There are a couple of scams in operation.  One is where your phone operator asks if you want a free subscription to something like lotto no's, soccer updates, horoscope BUT it's only free for the first month and you have to cancel after that.  Another scam, which a previous poster has mentioned is where you can enter a competition for free but it automatically signs you up for a subscription service.  I personally think it should be made illegal.  We have  a very large tv in our living room and I always look for the small text about these free comps (ie win a car, etc) and the text is tiny - even on a 50" tv when I'm looking out for it.  Check out [broken link removed] for details of legislation governing this "service"

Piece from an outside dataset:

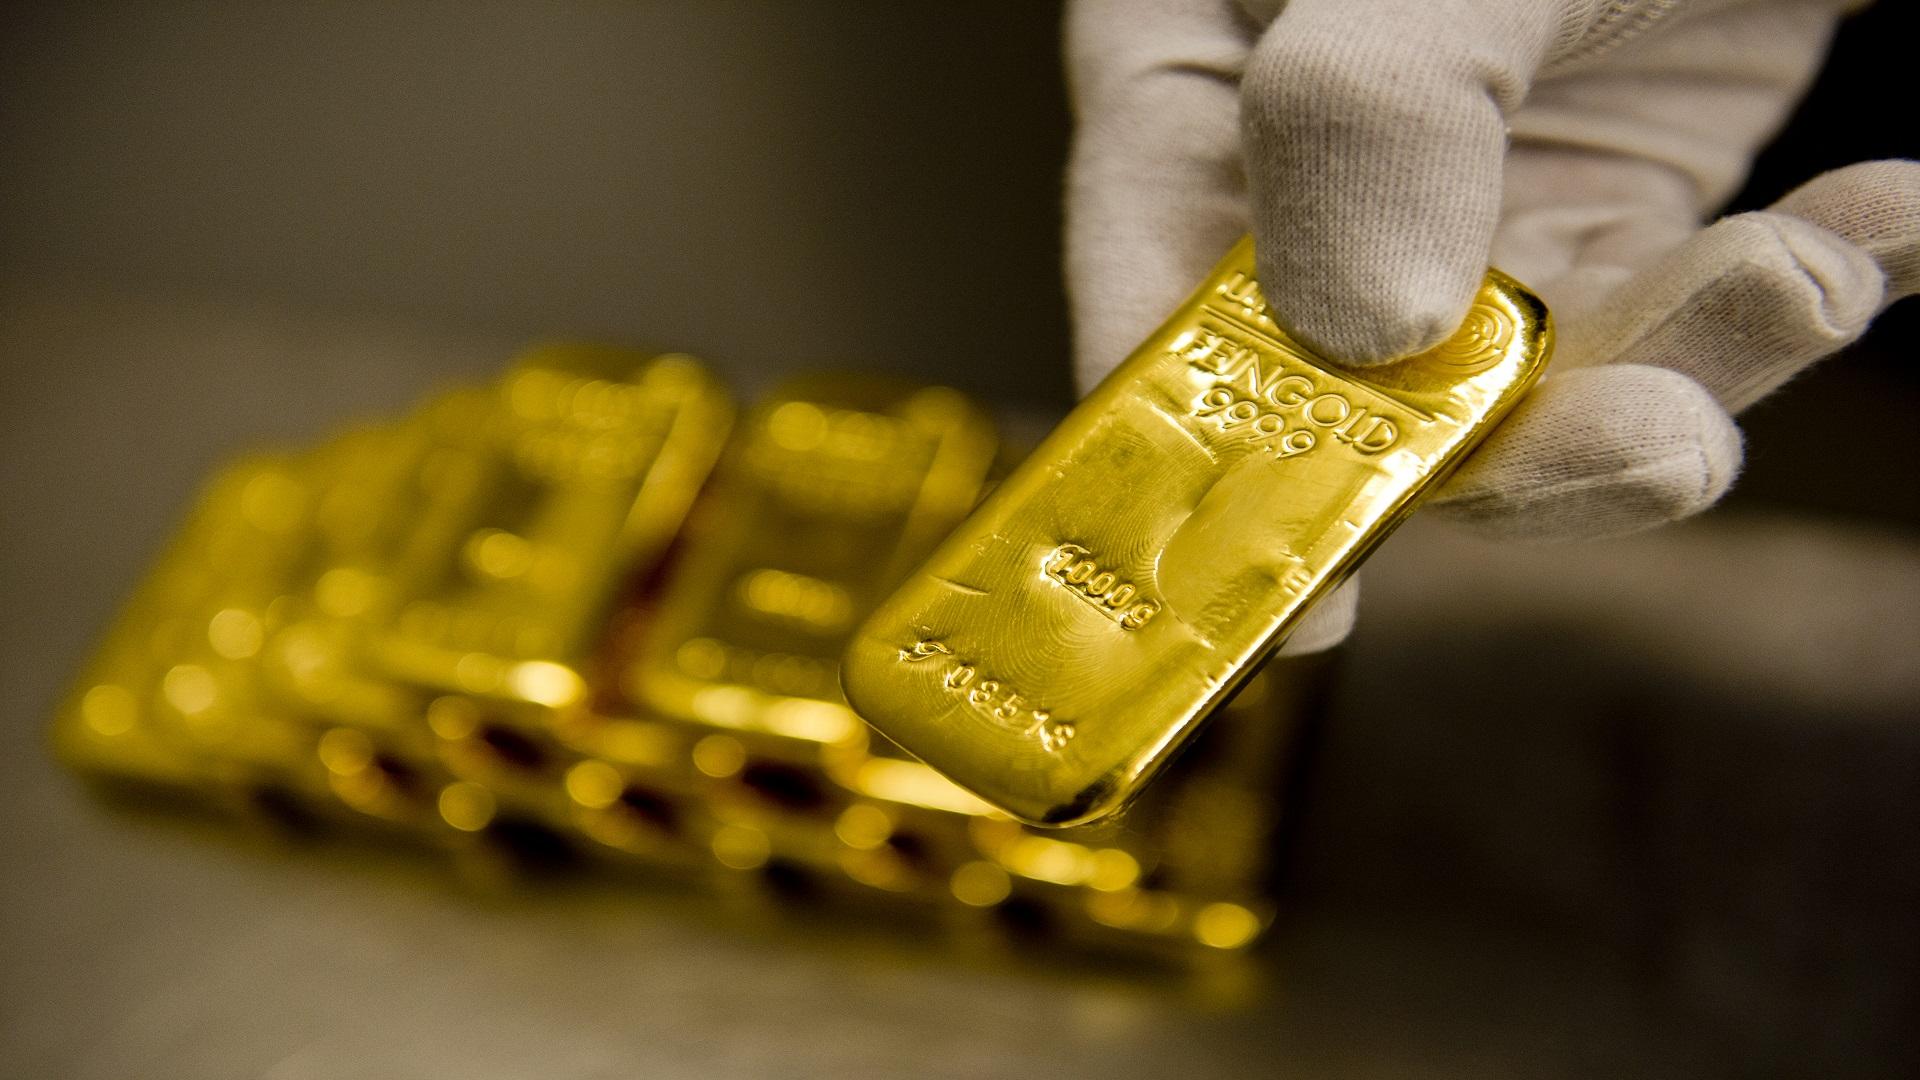 slitki - Saxo Bank: прорыв золота не состоялся, но тренд в силе

Text STOP to the number that is sending the texts.


----------



## MaryBe (16 Sep 2009)

What is to stop anyone from entering someone else's mobile number for these competitions.  There is no follow-up with the owner to certify that it is a valid entry!! So keep your numbers safe!!!


----------



## Arabella (3 Oct 2009)

Celtwytch said:


> Are you sure you haven't unwittingly subscribed? For instance, have you entered any competitions via text message recently? I have noticed on some competitions that you are signing up to a subscription - but this information is given in very small print.
> 
> Unfortunately, you probably have been charged for the messages you have received. Text STOP to the number immediately to avoid any more messages coming through.


Thanks Celtwytch. No more texts since taking your advice.


----------